If $B(\xi^-)$ has two horizontal asymptotes, say $B\sim  \a_\pm +
\b_\pm /(\xi^-)^{s_1}\ (s_1>0)$, then one finds
$$
e^\vphi \sim {a_\pm (\xi^+) \over (\xi^-)^{s_1+1}} \, ,
             \qquad \hbox{\rm when~} \xi^-\to \pm \infty \, ,   \eqno(10a)
$$
where $a_\pm$ are two different functions characterized by the
behaviour of $B(\xi^-)$ at $\xi^-\sim\pm\infty$.
The case when $B(\xi^-)$ has only one horizontal asymptote, say when
$\xi^-\to -\infty$,  while  for $\xi^-\to\ +\infty$ it behaves like
$ (\xi^-)^{s_2}, s_2>0$, leads to
$$
e^\vphi \sim \cases{
b_+/(\xi^-)^{s_2+1} \, ,\quad &\hbox{$\xi^-\to +\infty \, ,$}\cr
b_-/(\xi^-)^{s_1+1} \, ,      &\hbox{$\xi^-\to -\infty \, .$}\cr}
                                                                \eqno(10b)
$$

Thus we see that both cases satisfy the finite energy requirement. To
simplify further exposition we shall consider the case $s_1=s_2=1$, having
in mind that the other cases can be treated in a completly analogous manner.
This leads us to adopt the following asymptotic behaviour for the field
$\varphi$:
$$
\varphi \sim -2\ln\vert\xi^{-}\vert + C_{\pm} + \cO_1 \, ,
        \qquad \xi^-\to \pm\infty \, ,                          \eqno(11)
$$
where $C_{\pm}=C_{\pm}(\xi^{+})$ are two generally different functions,
independent of $\xi^-$, and $\cO_n$ denotes a term that decreases as
$(\xi^-)^{-n}$ or faster when $\xi^-\to\infty$.

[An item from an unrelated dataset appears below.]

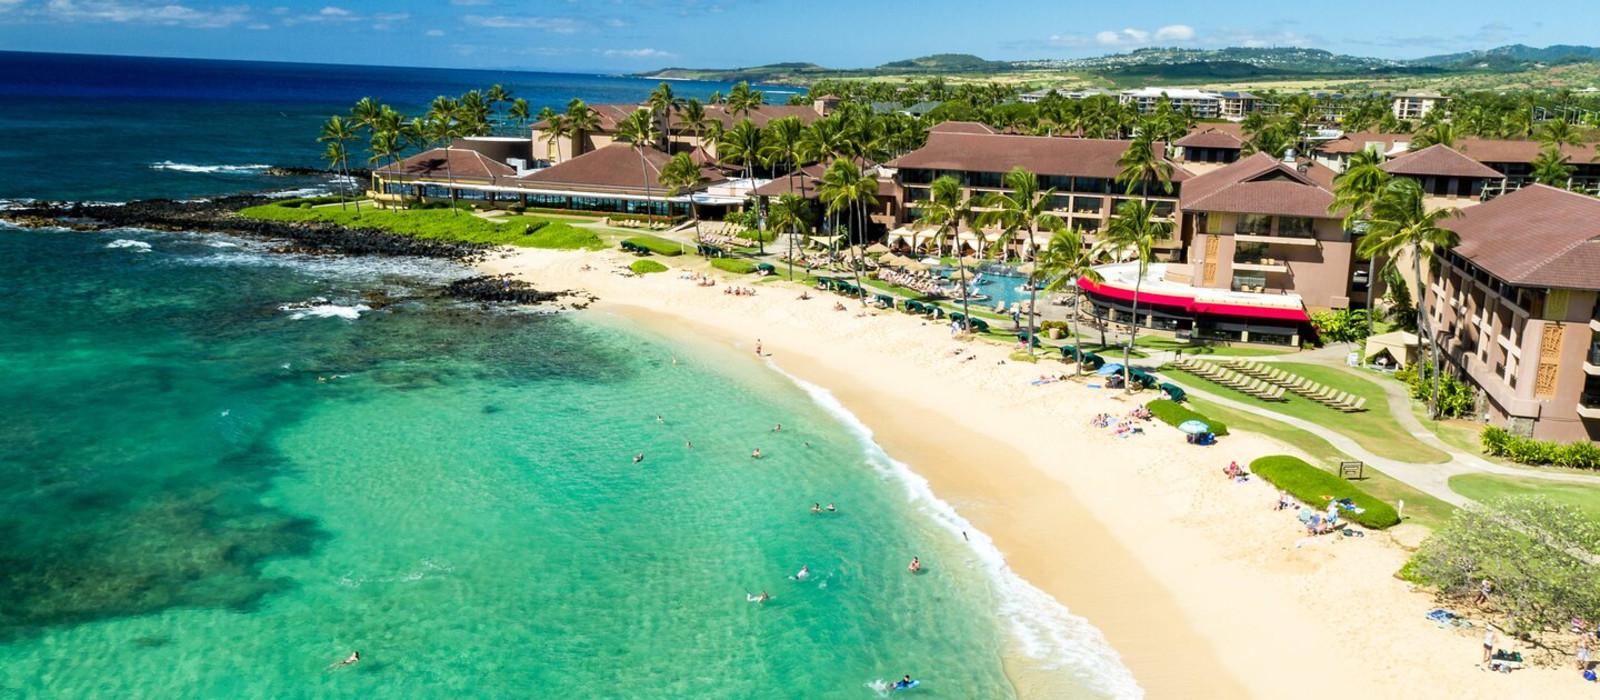 Hotel Sheraton Kauai Resort Hawaii

To define the asymptotic behaviour of the momentum variable we shall
use the fact that one can demand an arbitrarily fast decrease for those
expressions that vanish on shell, as no solution of the equations of
motion is thereby lost. In accordance with this we define
$$
\pi \sim -{2\over{\xi^{-}}} + \cO_2 \, ,                        \eqno(12)
$$
which ensures the $\cO_2$ behaviour of the constraint $\phi$. It is
now easy to verify that both the Hamiltonian $ H'$ and the constraint
$ \phi_0 $ are well defined, finite quantities.

Let us now check if $\phi_0$ and $ H' $ have well defined functional
derivatives.
A functional $G[q,p]$ has well defined functional derivatives if its
variation can be written as
$$
\d G = \int dx\ [A(x)\d q(x) + B(x)\d p(x) ] \, ,
$$
where $\d q_{,\a}$ and $\d p_{,\a} $ are absent [9].
In general, when the adopted asymptotics does not make surface terms
disappear, this requirement may not be satisfied. For example,
$$
\d\phi_0 = \int d\xi^{-}(\d\pi - \partial_{-}\d\vphi)
         = \int d\xi^{-}\d\pi - \d(C_{+} - C_{-}) \, .
$$
Obviously, $ \phi_0 $ is not a differentiable functional but it can be
improved by adding a suitable surface term. The quantity
$$
\tilde\phi_0 \equiv \phi_0 + C_{+}-C_{-}                          \eqno(13)
$$
has well defined functional derivatives,
$$
{\d\tilde\phi_0 \over \d\varphi(x)} = 0 \, ,\qquad
   {\d\tilde\phi_0 \over \d\pi(x)}  = 1  \, .                      \eqno(14)
$$
Note that its action on local quantities coincides with that of $\phi_0$.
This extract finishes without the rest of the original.